Écuries muletières et à chevaux, 1909-1910
Le bâtiment des écuries, le plus grand du camp avec ses 22 mètres de long, abritait 24 mulets et 6 chevaux.
Les réserves de fourrage étaient conservées à l’étage.
Le mulet est l’auxiliaire incontournable des Alpins. Les bataillons de chasseurs en possèdent une quarantaine.
Il peut porter des charges très lourdes, jusqu’à 120 kilos.
Cuisine de la troupe, 1902
La cuisine est conçue pour assurer 300 repas à chaque service. Elle comprend la cuisine proprement dite, très exiguë, un espace de distribution et une laverie. Les chasseurs prennent leurs gamelles et mangent dans leurs chambrées.
Dans l’éventualité d’un conflit, des vivres sont conservées en permanence sur place dans des caisses étanches : pain de guerre, conserves de viande, sucre, café, sardines, eau de vie, vin, tabac.
Bâtiment du groupe électrogène, 1906
Un groupe électrogène est installé en 1933, couplé à des batteries.
Il fournit du courant au camp et permet l’éclairage électrique des baraques, assuré avant cette date par un système de lampes à pétrole.
L’amélioration du confort des soldats est indéniable dans les années précédant la Deuxième guerre mondiale.
Infirmerie, 1901
Les conditions climatiques, la présence de neige et les accidents pouvant survenir en terrain accidenté rendaient nécessaires la présence d’une infirmerie dans le camp. Elle pouvait accueillir à l’origine 6 malades et donnait sur un petit jardin côté ouest.
Chaque bataillon de chasseurs alpins disposait de quatre infirmiers mais des médecins auxiliaires étaient affectés en renfort pendant les manoeuvres d’été.

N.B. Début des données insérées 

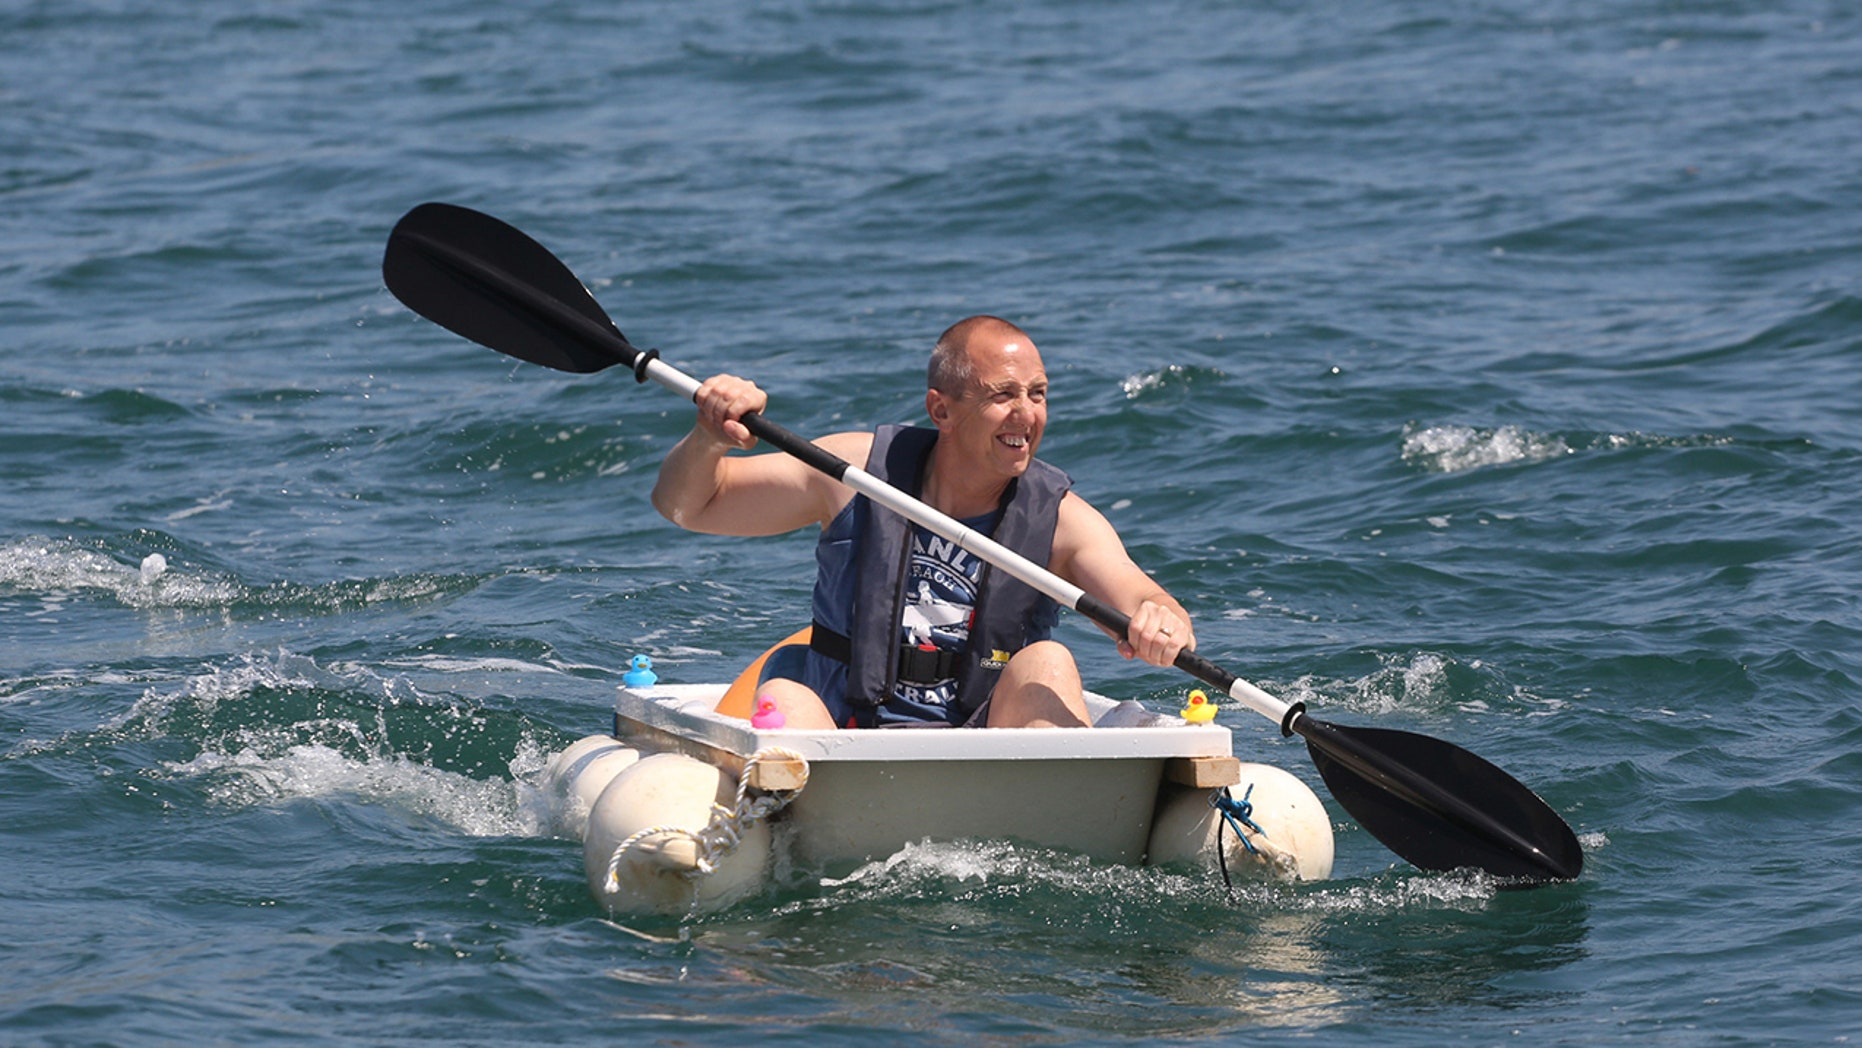 Plumber Iain Bevan, 51, rows across seas at Torbay inside a bath tub to raise money for charity.
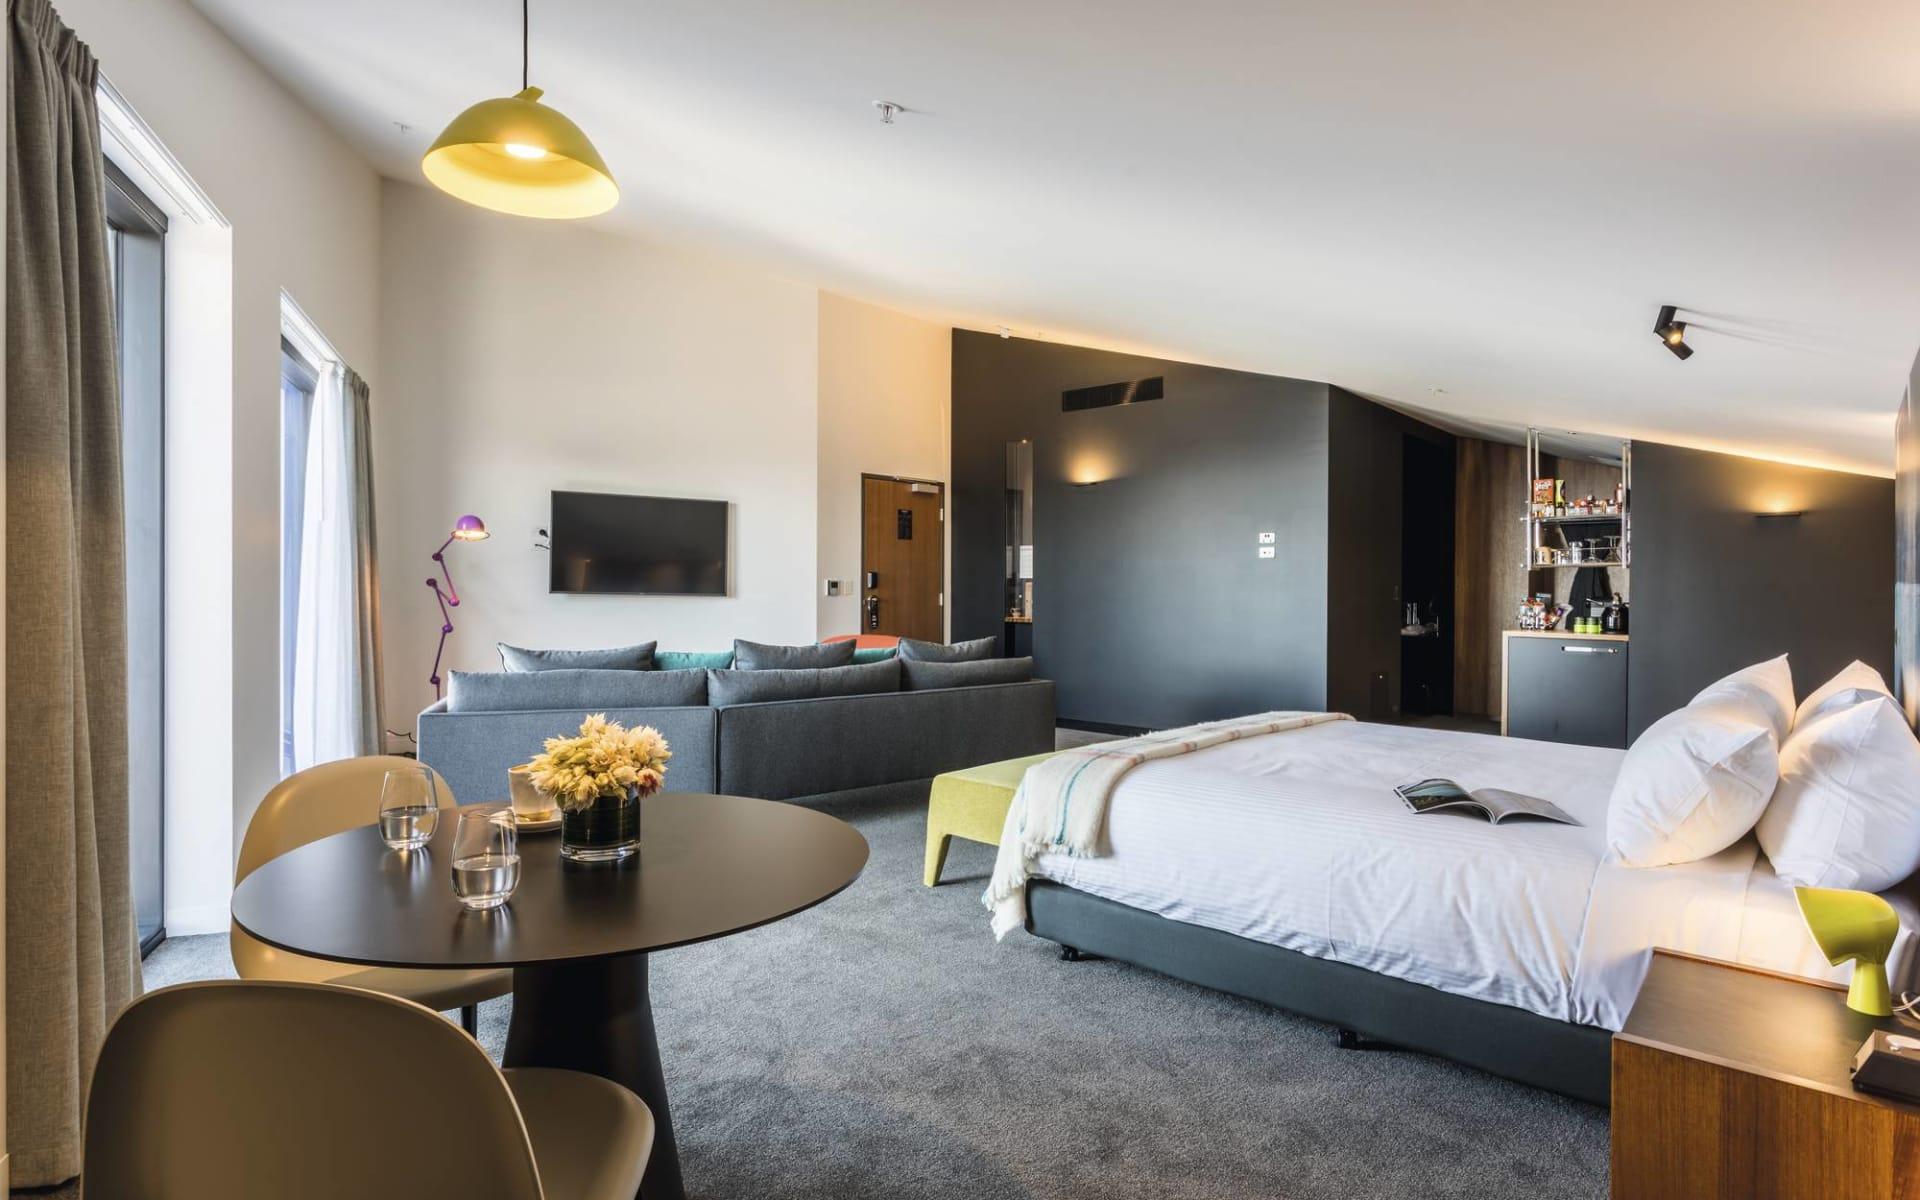 Macq 01 in Hobart:  MACq01 Hobart - Superior Corner Suite 2017

En hiver, l’évacuation des blessés était assurée par traineau, dans les zones enneigées, ou par mulet.
Bâtiment des sanitaires, 1935
L’eau arrive dans le camp en 1908, grâce au captage d’une source située dans le premier virage en direction du col, mais l’alimentation est interrompue en hiver à cause du gel.
Il faut attendre 1935 pour que des travaux permettent un approvisionnement sans interruption, notamment des cuisines et de ce bâtiment qui abrite des douches et des lavabos, ainsi qu’un lavoir en béton remarquable par la qualité de sa fabrication.